Anne sütü her şeyde olduğu gibi zeka gelişimi için de önemli. Ama artık hazır mamaların da içeriğine eklenen DHA, ARA gibi maddeler zeka gelişimine katkıda bulunuyor.
Peki sadece beslenme midir bebeğinizin zeka gelişimini gebelik sırasında etkileyen? Elbette hayır. Sesler, duygular, hareketler hepsi bebeğe doğrudan geçebilen reaksiyonlar arasında sayılabilir. Bebeğin gebeliğin dördüncü ayında işitme duyusu oluştuğu zaman ilk duyduğu ses annesinin kalbidir, gözünü açtığında ilk gördüğü rahim içi, dokunmaya başladığında ilk dokunduğu şey annesinin karnı ya da çevresindeki kendi vücududur. Yani bebek için en büyük, en özel, en güzel tek dost annedir. Belki de bu yüzden anne, bebek için bir idol, sakinleştirici, yatıştırıcı konumundadır. Bu iletişim karşılıklıdır.

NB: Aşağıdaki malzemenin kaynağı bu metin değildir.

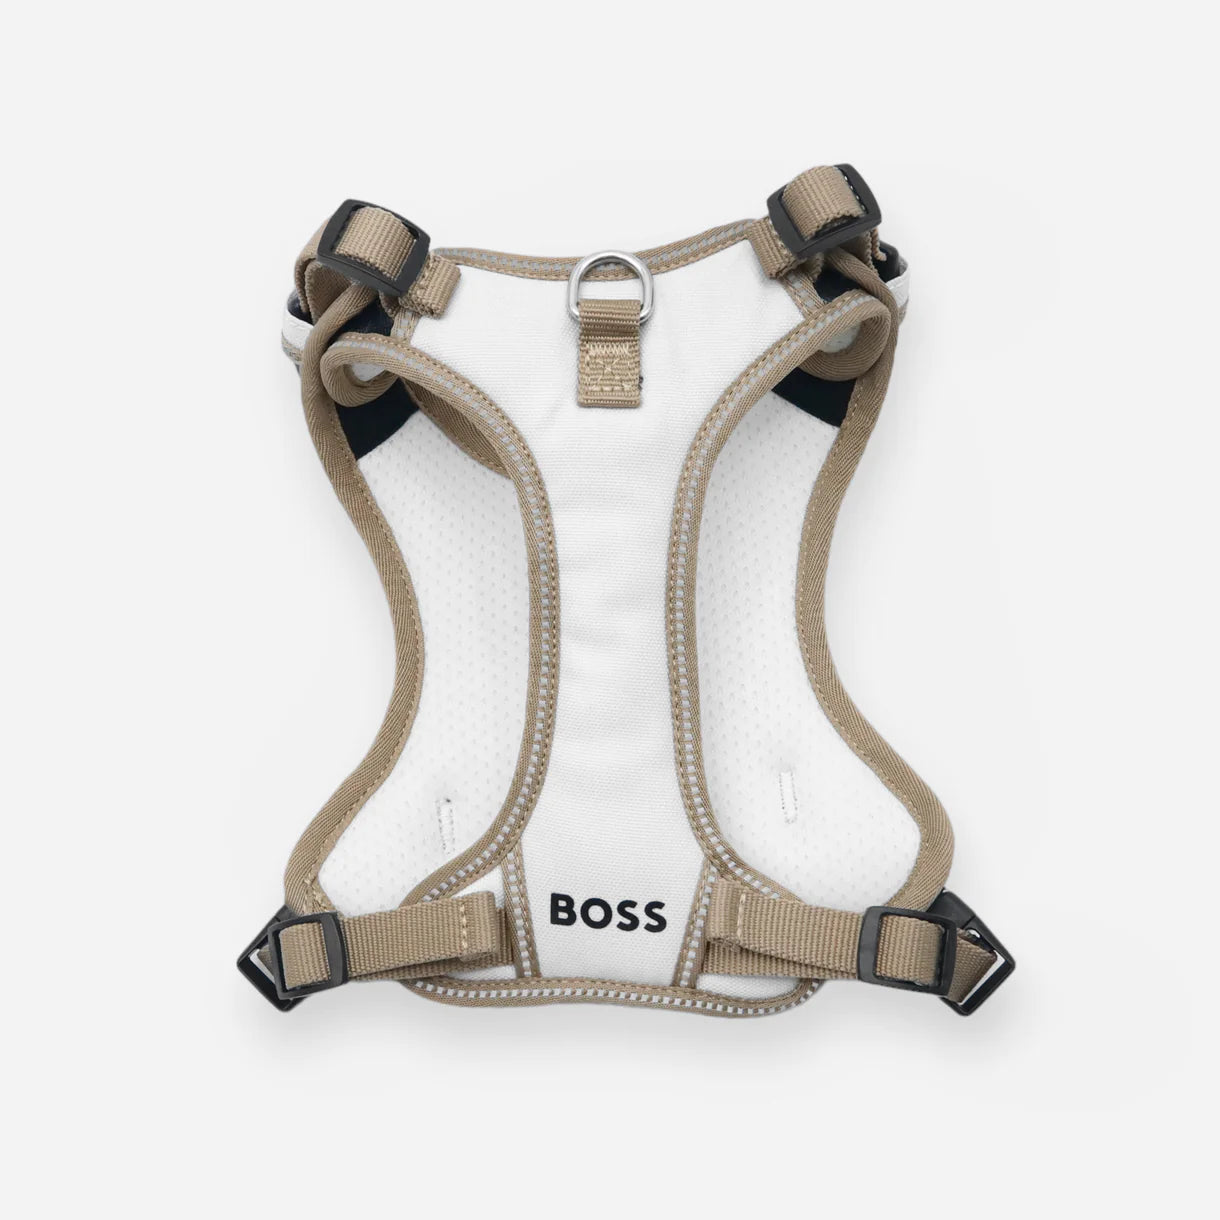 The BOSS Harness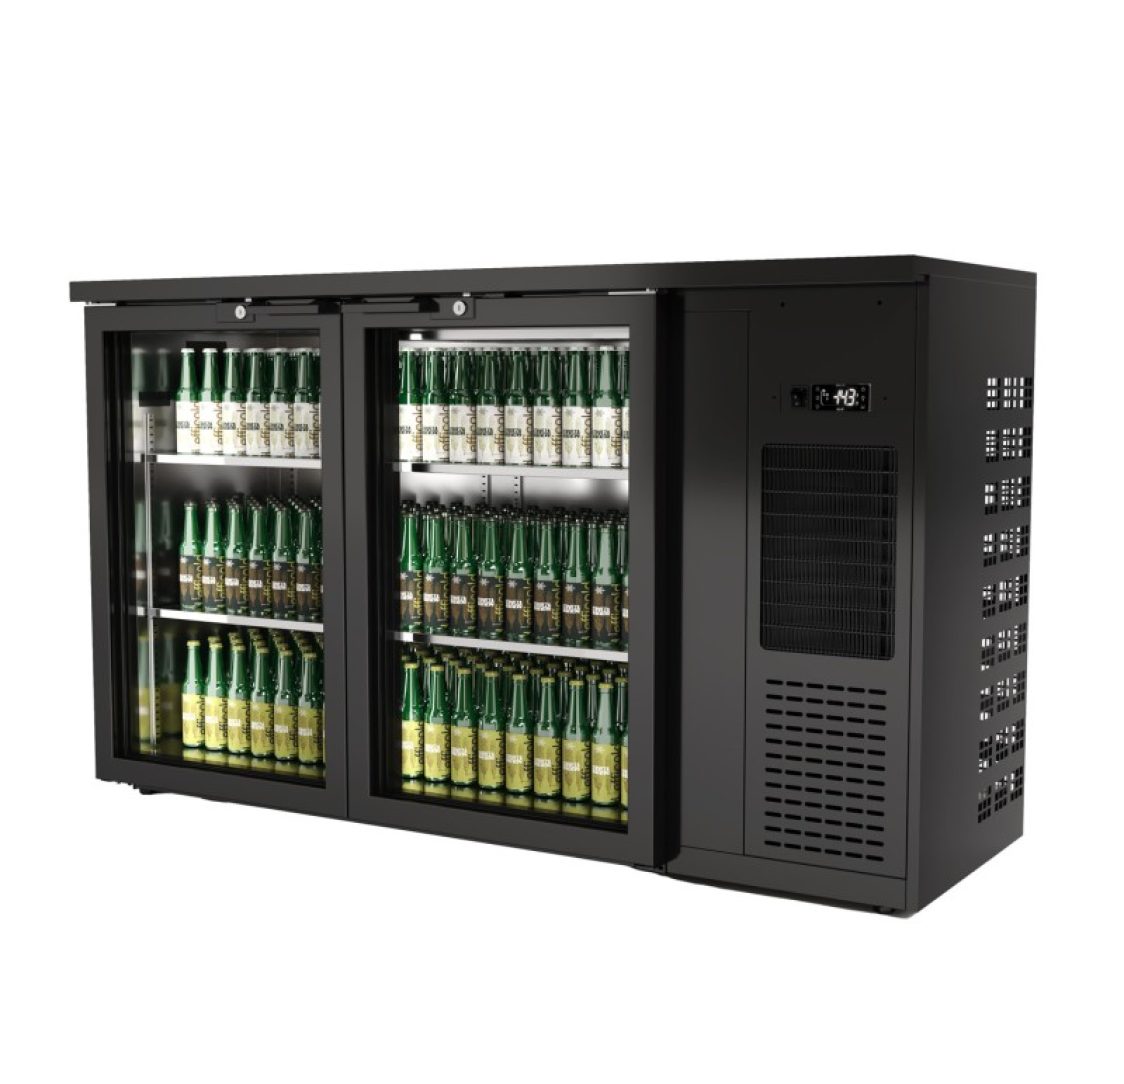 Expositor de Garrafas Refrigerado capacidade de 350 Garrafas – 200W – 1435X528X850mm

Biz kadın doğum hekimleri, gebeliğin günlük hayatını çok da fazla değiştirmemesi konusunda hem fikiriz. Hatta gerek fiziksel özelliklerinize, saçınıza başınıza, gerekse kıyafetinize, bakımınıza yani kendinize daha da çok bakmanız gerektiğini söyleriz. Neden mi? Hep söyleriz bebeğiniz sizin aynanız gibidir, siz ne düşünür ne hissederseniz bebeğiniz de onu düşünür ve hisseder. Siz kendinizi dünyanın en özel insanı, en güzel ve hoş kadını olarak görürseniz bu bebeğinizde de ayna görüntüsüne sebep olur. Bunun ters şeklini şu şekilde anlatalım. Siz üzüldüğünüzde bebeğiniz hareket etmez, hatta kolunu bacağını kaldırmaz bile.
Ama siz mutlu olduğunuzda ya da bir olayda heyecanlandığınızda bebek karnınızdan çıkacak gibi olur. İşte bu ilişki şeklidir. Bu yüzden gebelikte siz neden hoşlanırsanız onu yapın, onu yiyin, ona dokunun ya da onu hissedin. Böylece siz mutlu oldukça bebeğiniz mutlu olacak ve bu mutluluk hormonları bebeğin tüm organlarında olduğu gibi beyinde de pozitif bir etkiye sebep olacaktır. Sonuç olarak bebeğin algıları, doğmadan önce başlar, yani kendini iyi hisseden bir anne adayının bebeğinin de anne karnında kendini muhteşem hissedeceğini kabul etmek gerekir. Bu durum da beyin fonksiyonlarının gelişmesine katkıda bulunacaktır.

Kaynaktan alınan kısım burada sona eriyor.